Task details —
When you reach the line containing "Barbie as the", begin reproducing the material exactly, stop after the line containing "Peppa Pig Adorable", and leave out any pictures along the way.

Supplied data —
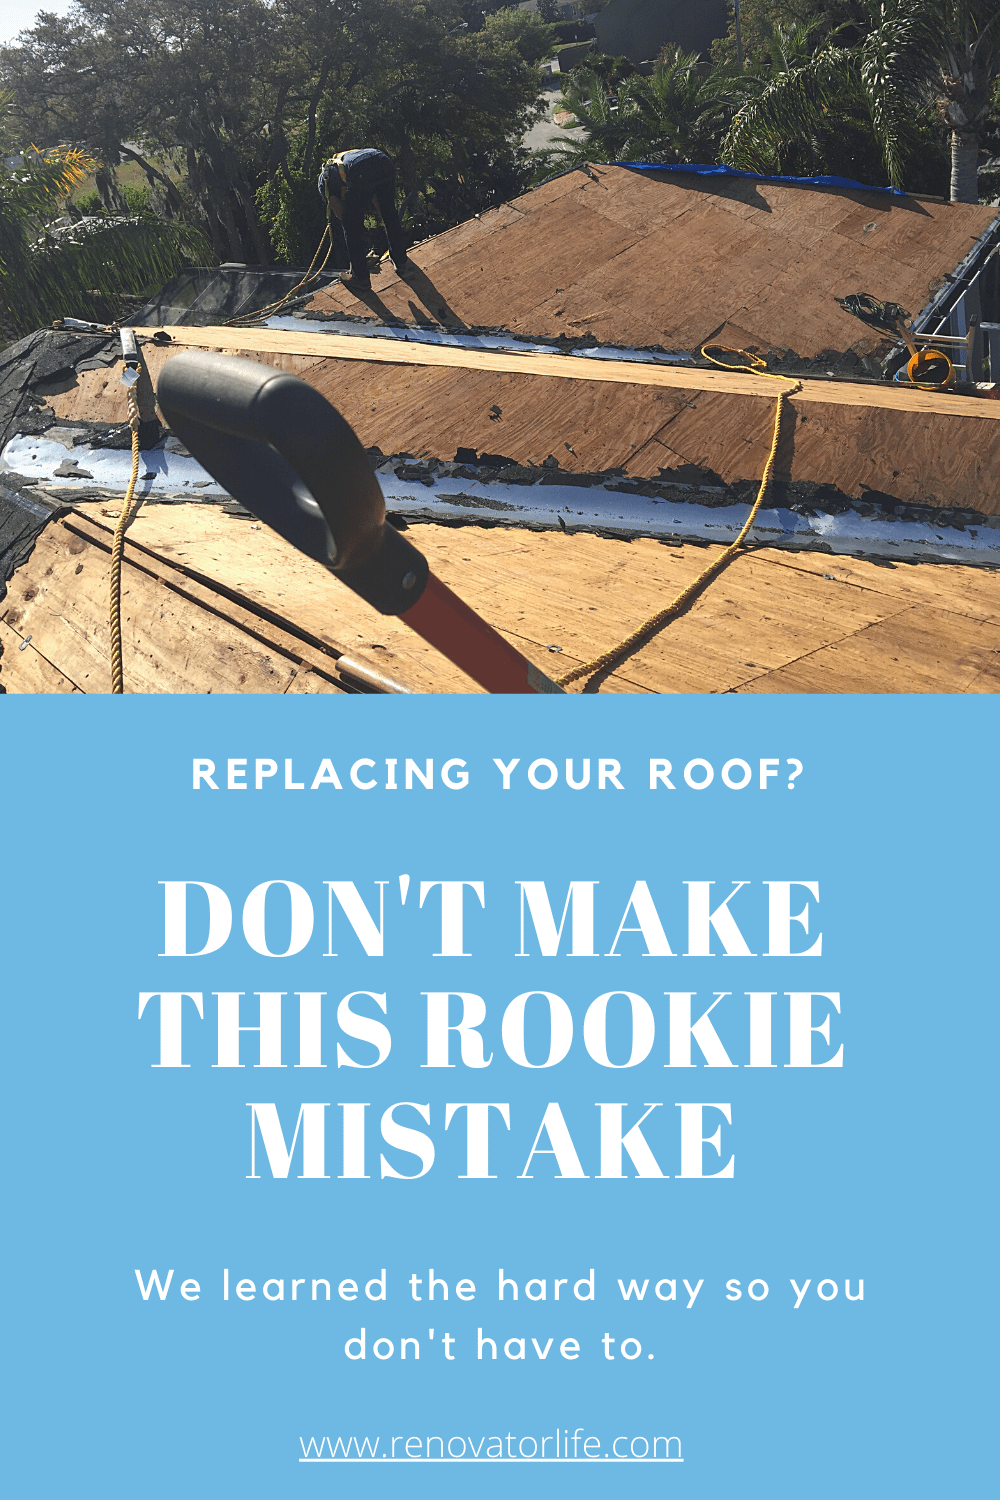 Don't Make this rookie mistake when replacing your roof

---

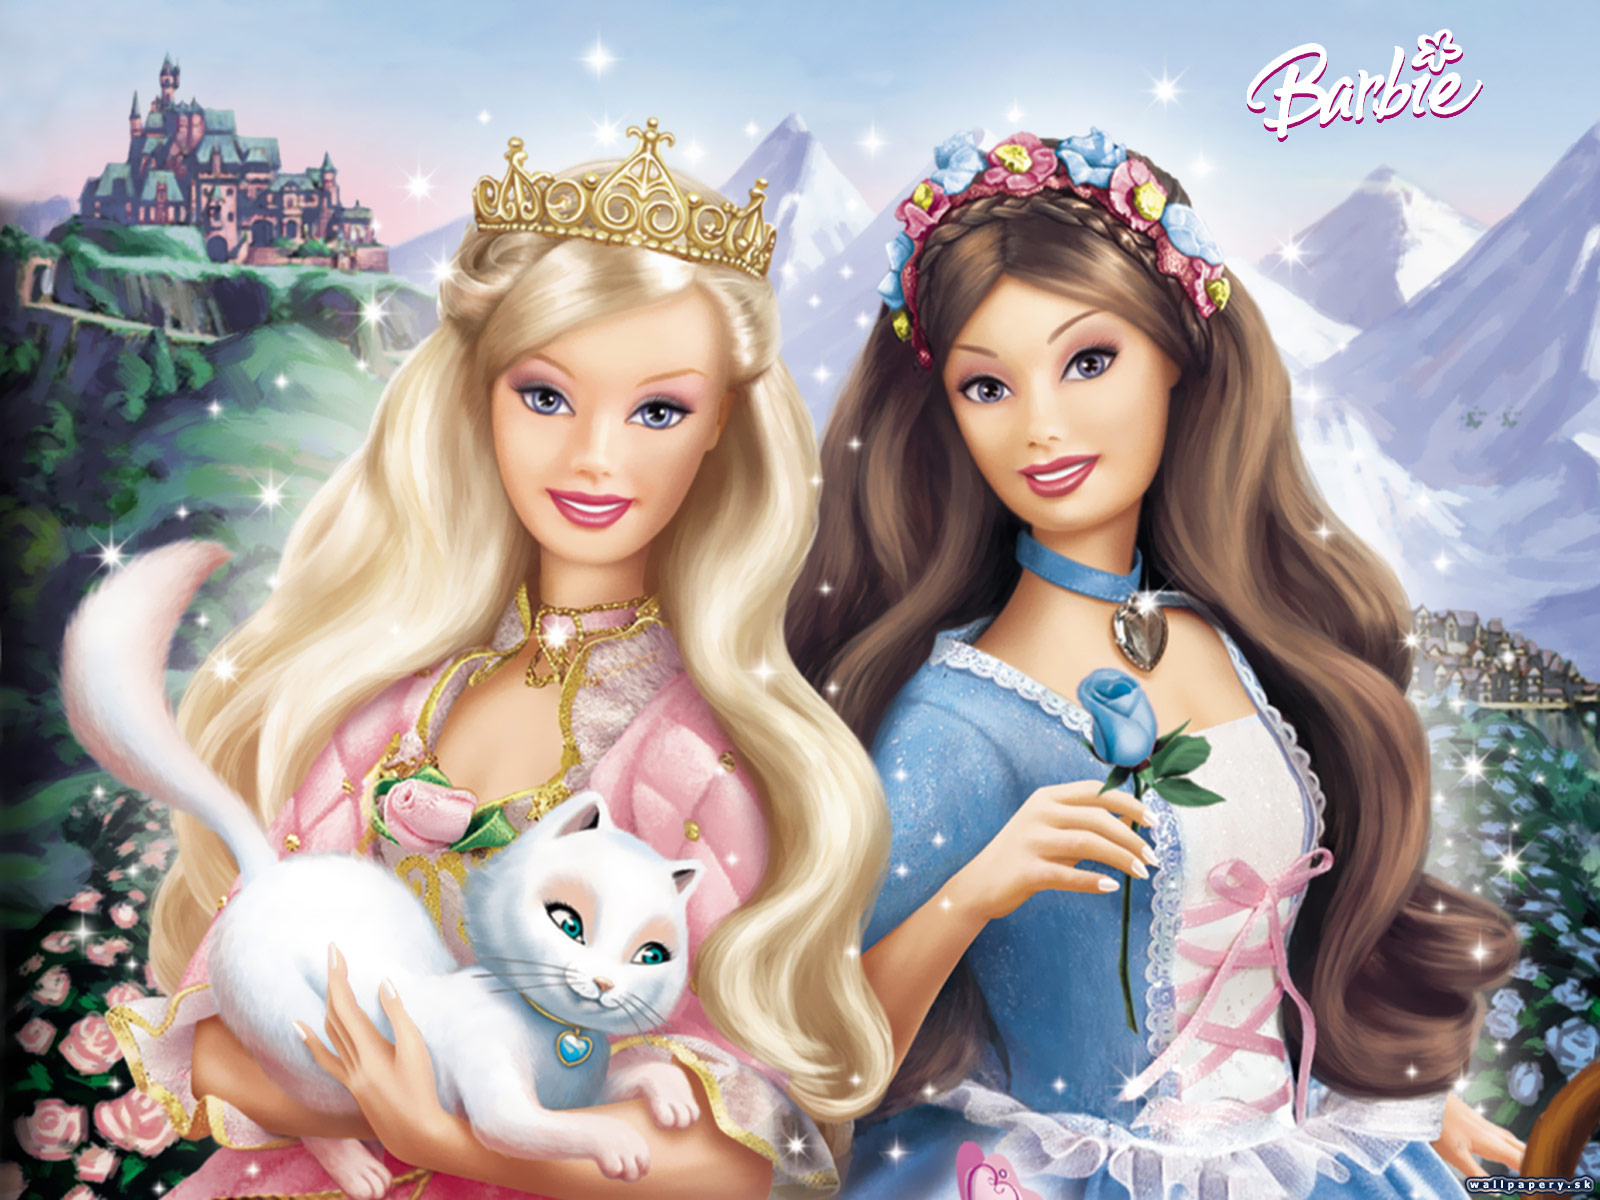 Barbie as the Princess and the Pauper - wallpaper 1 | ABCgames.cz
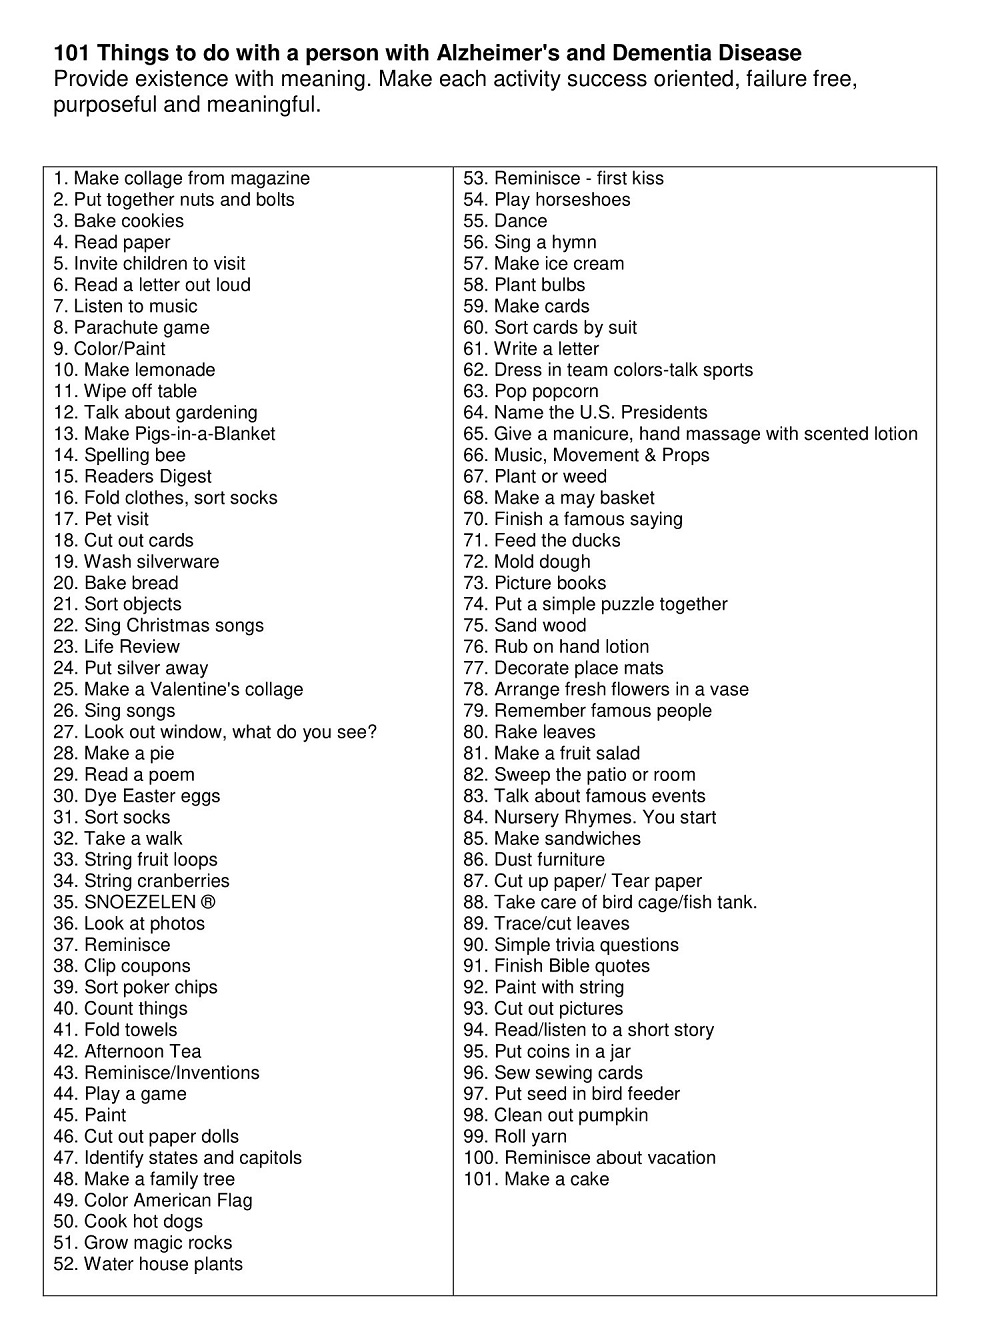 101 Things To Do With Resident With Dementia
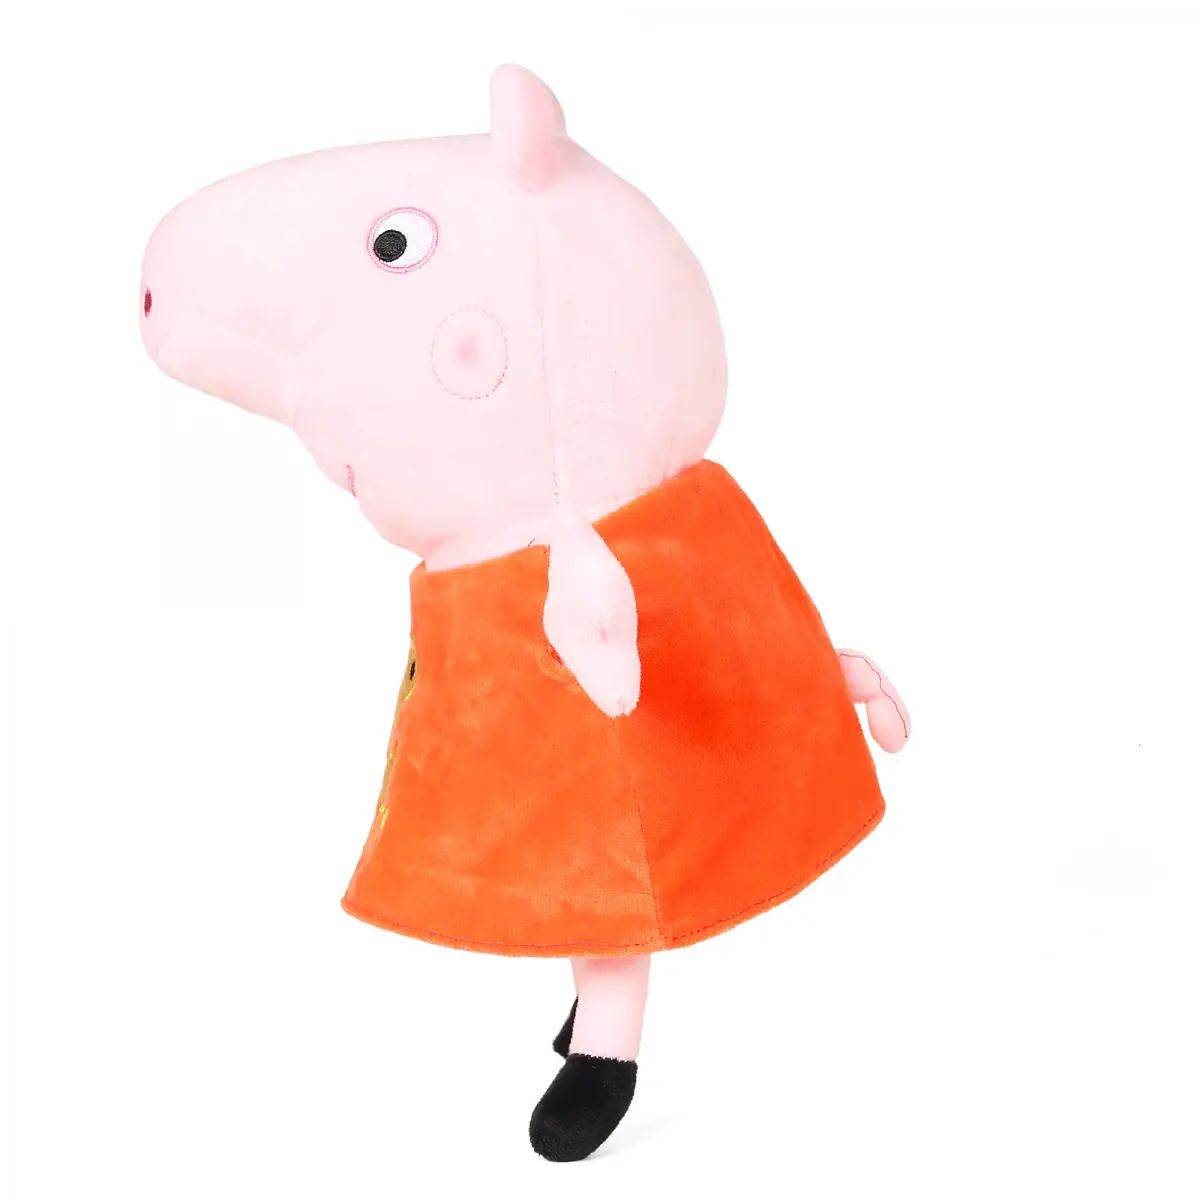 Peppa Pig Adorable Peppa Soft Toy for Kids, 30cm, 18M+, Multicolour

Answer box —
 Barbie as the Princess and the Pauper - wallpaper 1 | ABCgames.cz
 101 Things To Do With Resident With Dementia
 Peppa Pig Adorable Peppa Soft Toy for Kids, 30cm, 18M+, Multicolour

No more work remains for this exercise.